Task item:
Below is a listing with pictures in it; transcribe exactly the lines from the one that has "October 5, 2019" through the one that has "(Photo by Seth", and omit those pictures.

Entries shown:
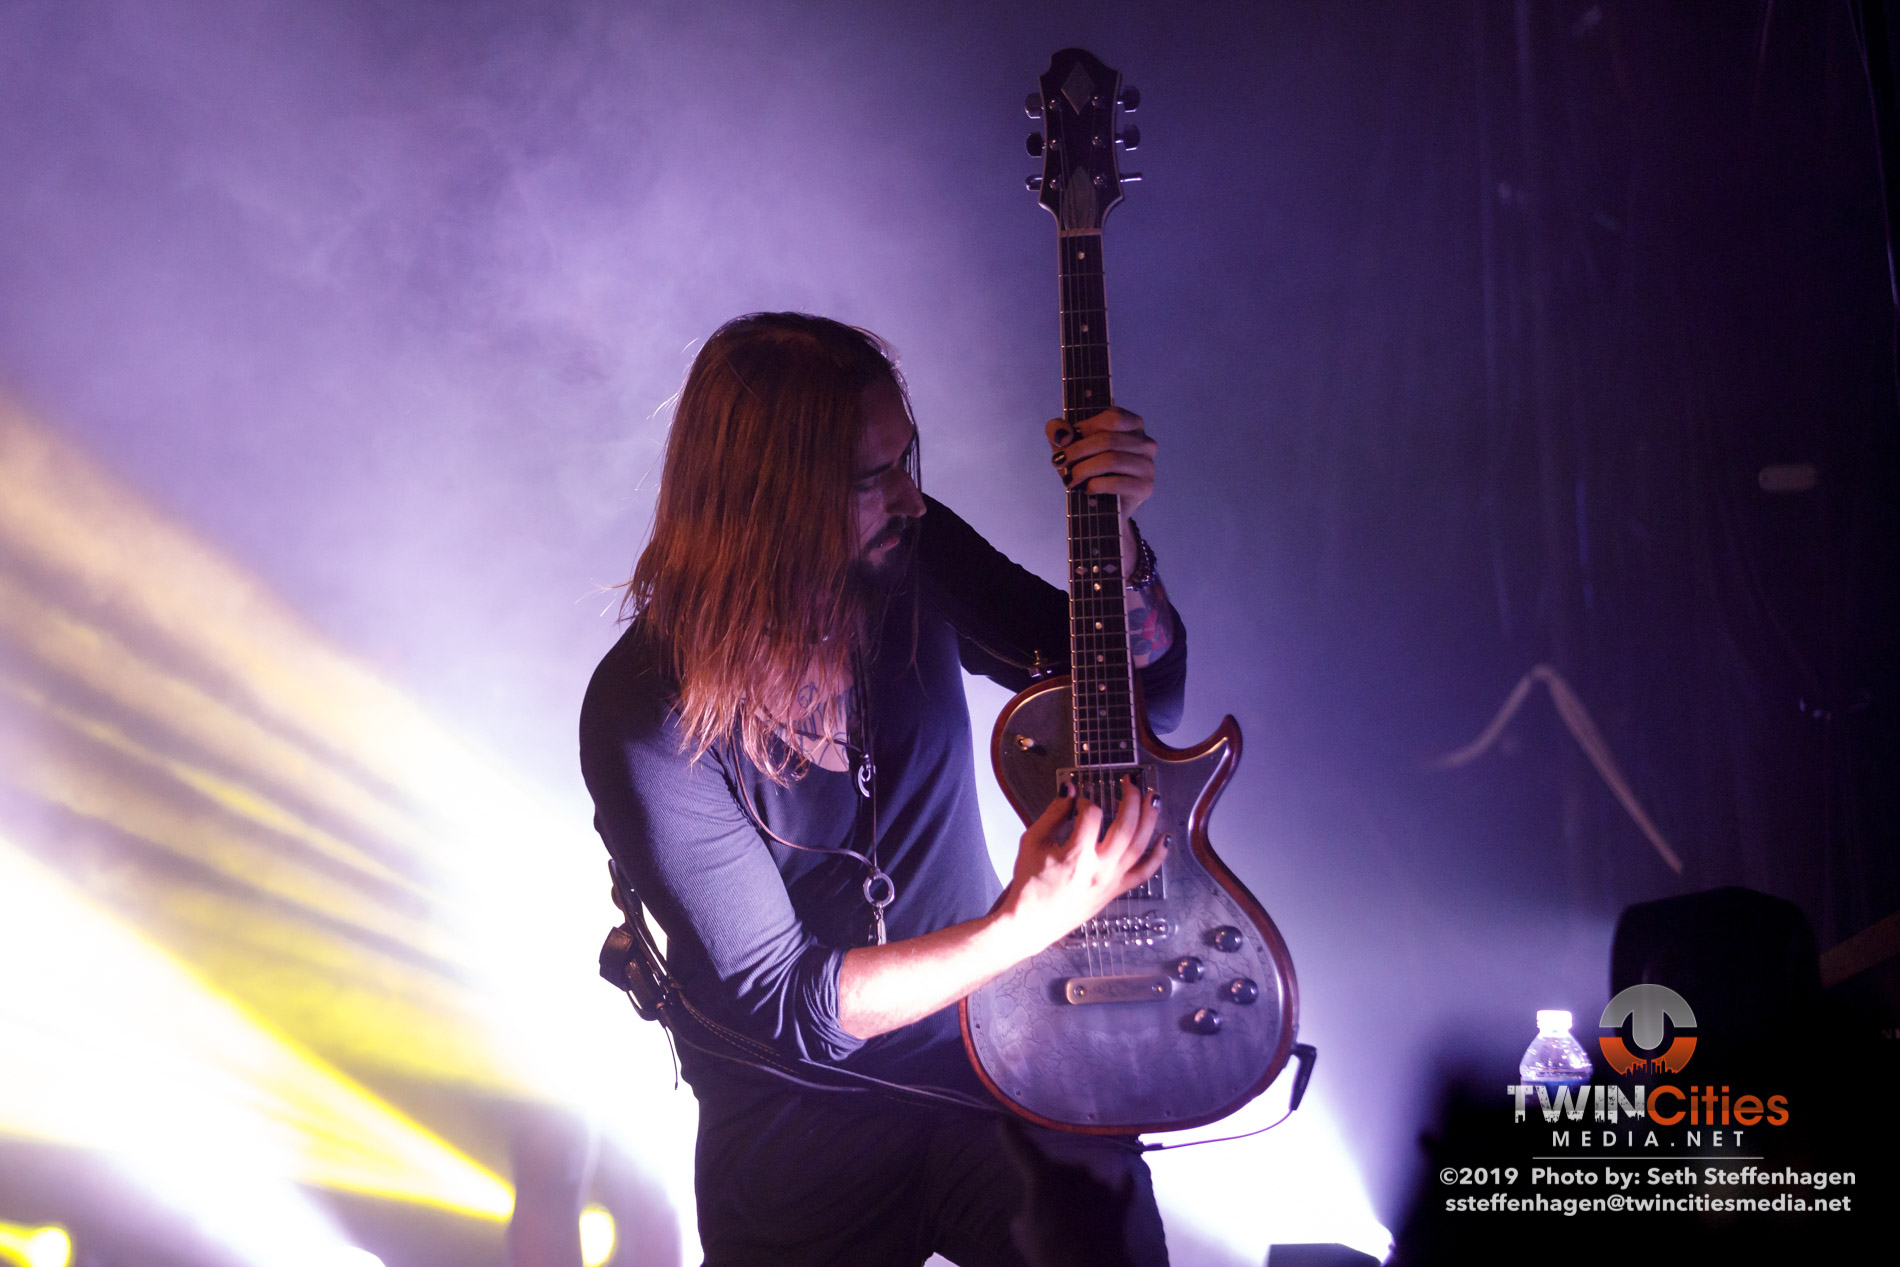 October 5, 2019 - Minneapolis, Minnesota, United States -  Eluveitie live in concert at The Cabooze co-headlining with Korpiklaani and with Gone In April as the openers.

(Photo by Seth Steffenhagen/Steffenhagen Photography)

* * *

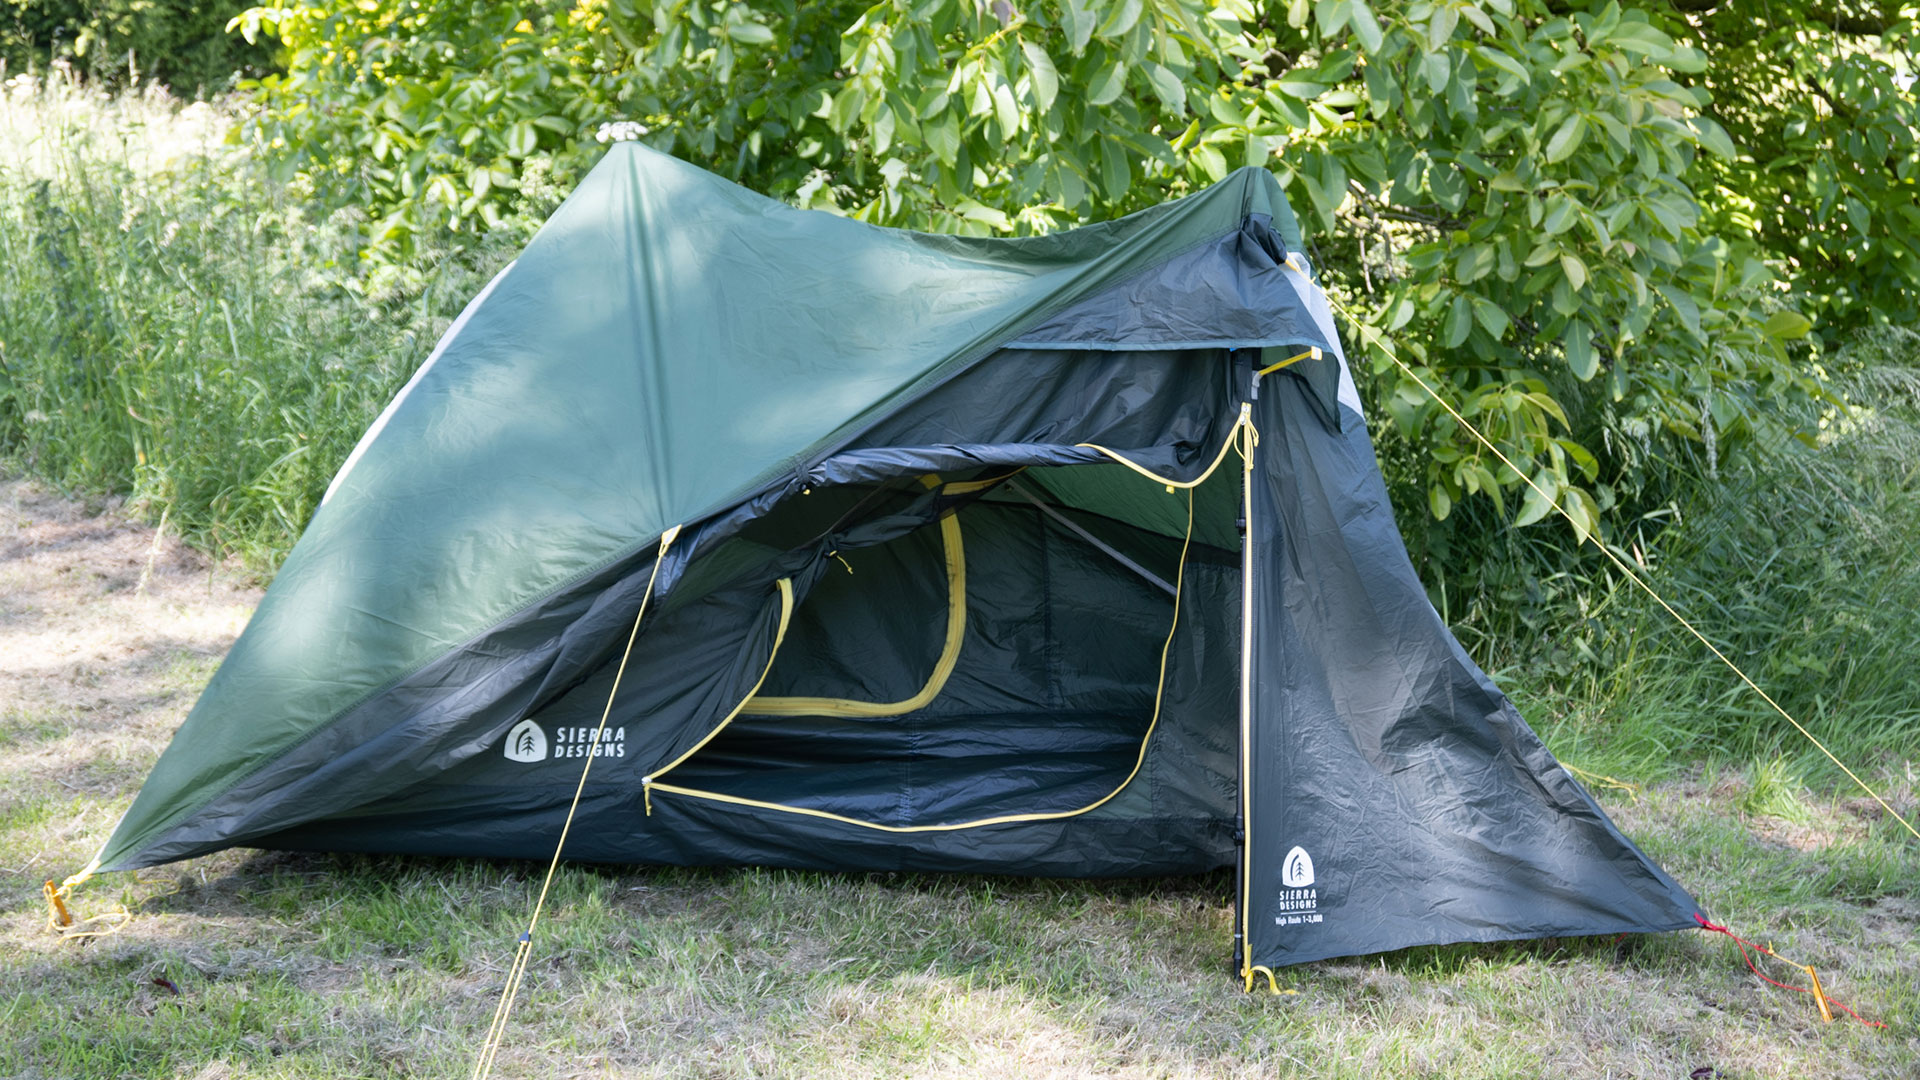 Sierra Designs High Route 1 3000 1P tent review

---

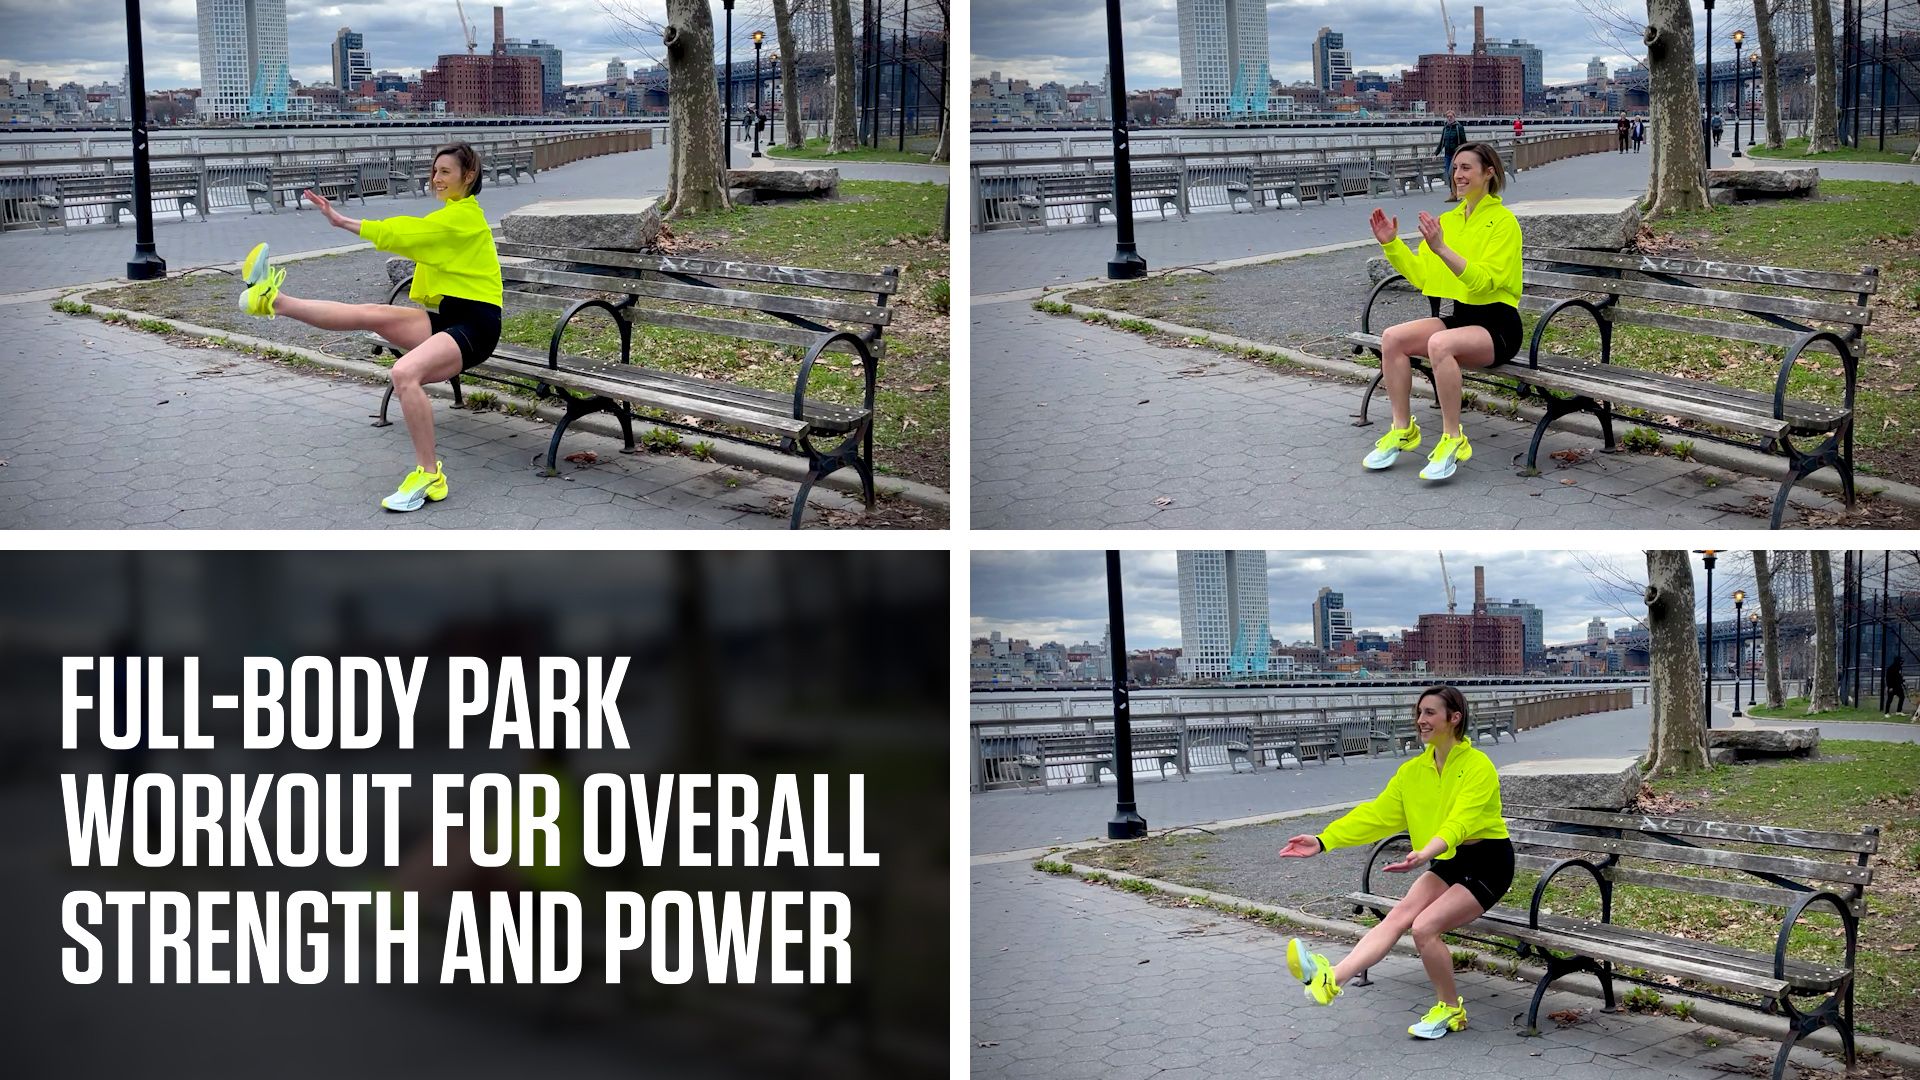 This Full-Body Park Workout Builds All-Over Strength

Solution to this exercise:
 October 5, 2019 - Minneapolis, Minnesota, United States -  Eluveitie live in concert at The Cabooze co-headlining with Korpiklaani and with Gone In April as the openers.

(Photo by Seth Steffenhagen/Steffenhagen Photography)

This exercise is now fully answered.